1 > Quel est votre bruit préféré ?

Celui de la flamme d’une bougie qui crépite.

2 > Quel est votre compositeur préféré ?

Händel.

3 > Quelle est l’œuvre que vous auriez voulu créer ?

Ariodante.

4 > Quelle est l’œuvre que vous emporteriez sur une île déserte ?

Le Couronnement de Poppée.

5 > Quel est le compositeur dont vous estimez qu’il n’est pas reconnu à sa juste valeur ?

Agostino Steffani.

6 > Quel est votre hobby préféré ?

Cuisiner !

7 > Quel est votre plat préféré ?

Le pot-au-feu.

8 > En quoi voudriez-vous vous réincarner ?

En aigle.

Nos 3 CDs coup de cœur

Landi : Il Sant’Alessio

Les Arts Florissants, William Christie (direction), Benjamin Lazar (mise en scène).
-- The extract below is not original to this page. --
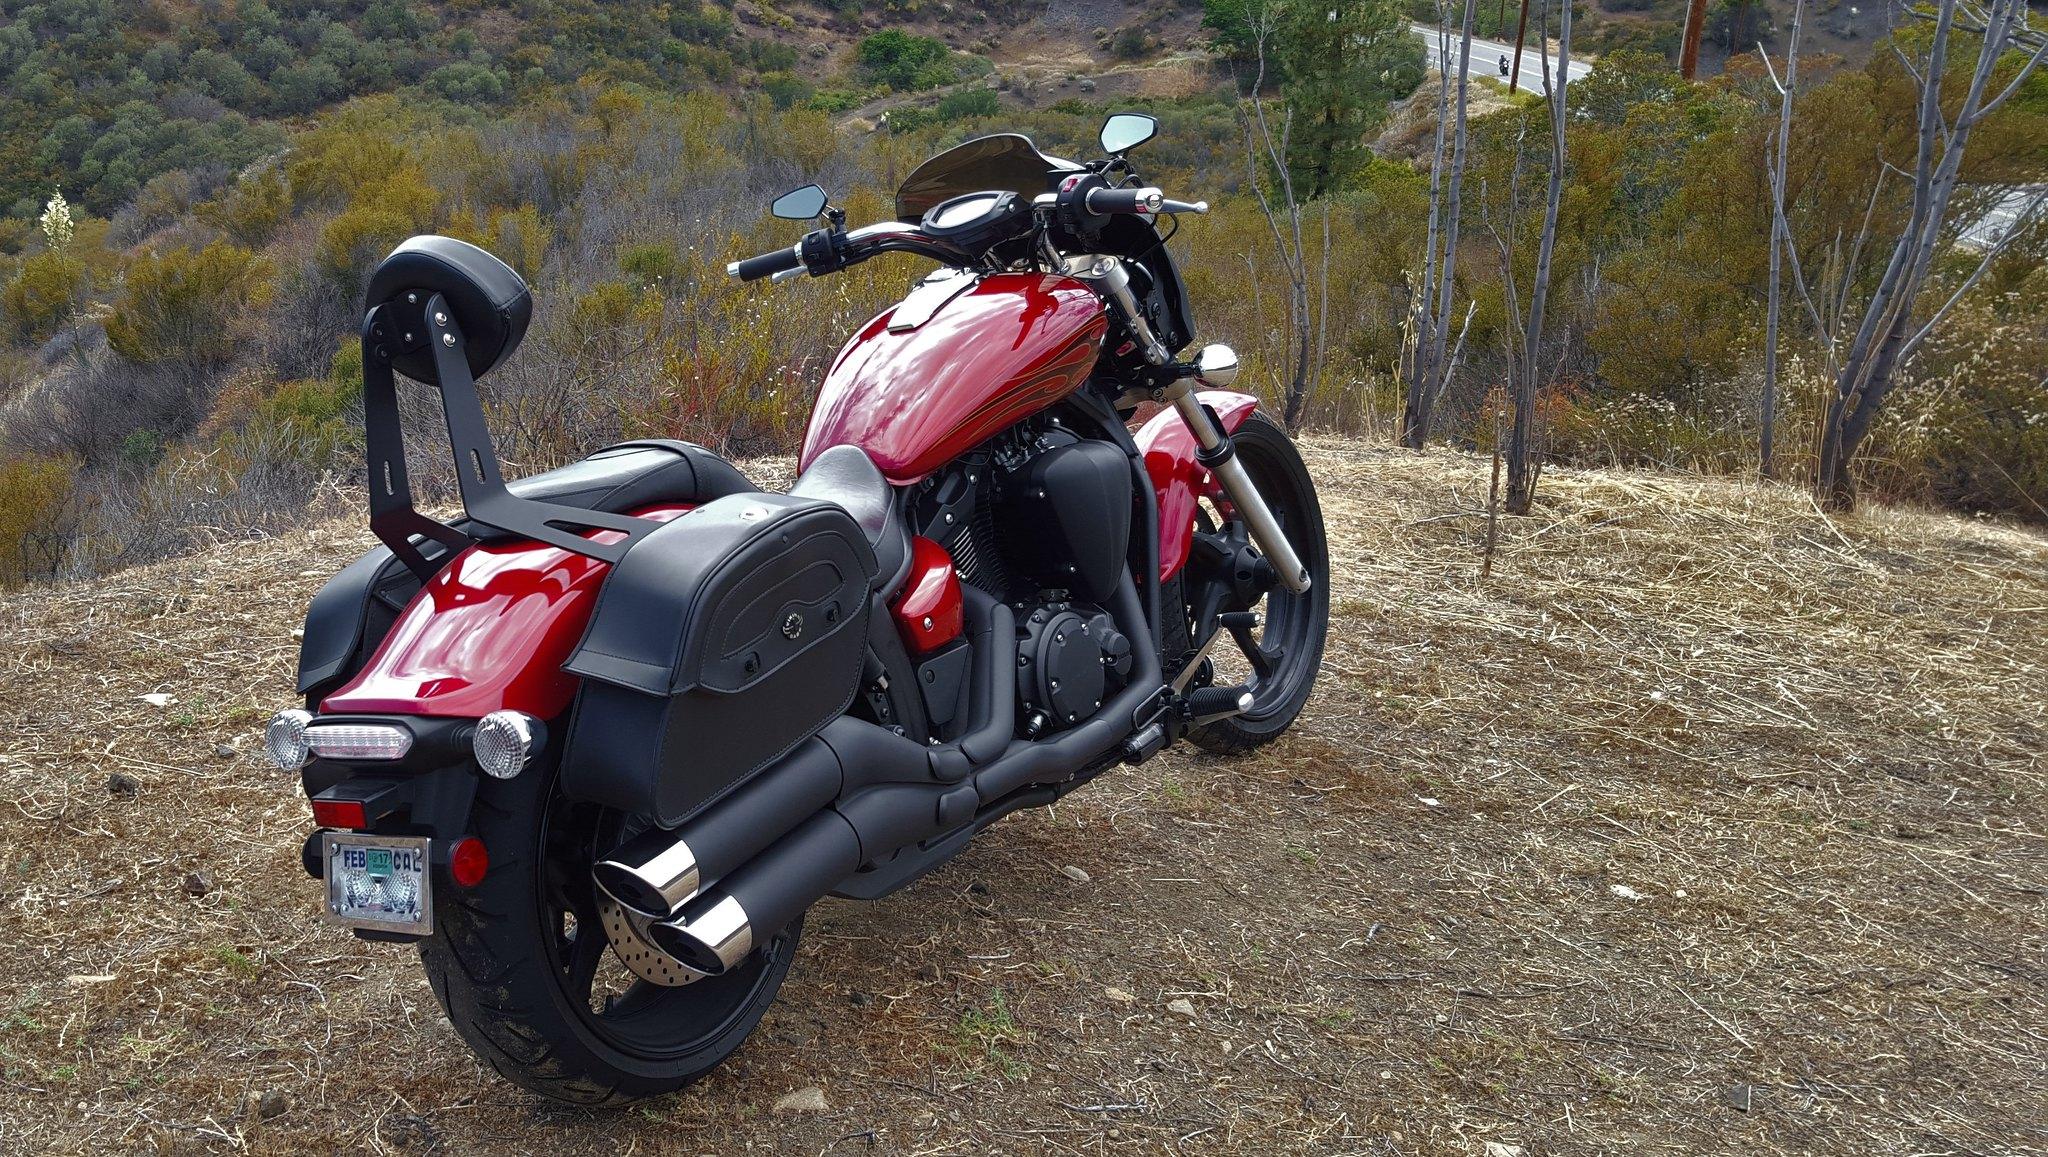 Viking bags yamaha star stryker motorcycle forum for Yamaha stryker saddlebags

Avec Max Emanuel Cencic (L’Epouse), Alain Buet (Eufemiano), Xavier Sabata (La Mère), Damien Guillon (Curtio), José Lemos (Martio) etc…

2 DVD Virgin Classics

Porpora : airs pour Farinelli

Venice Baroque Orchestra, Andrea Marcon (direction).

1 CD Warner-Erato

Vivaldi : Heroes (airs d’opéra)

Ensemble Matheus, Jean-Christophe Spinosi (direction).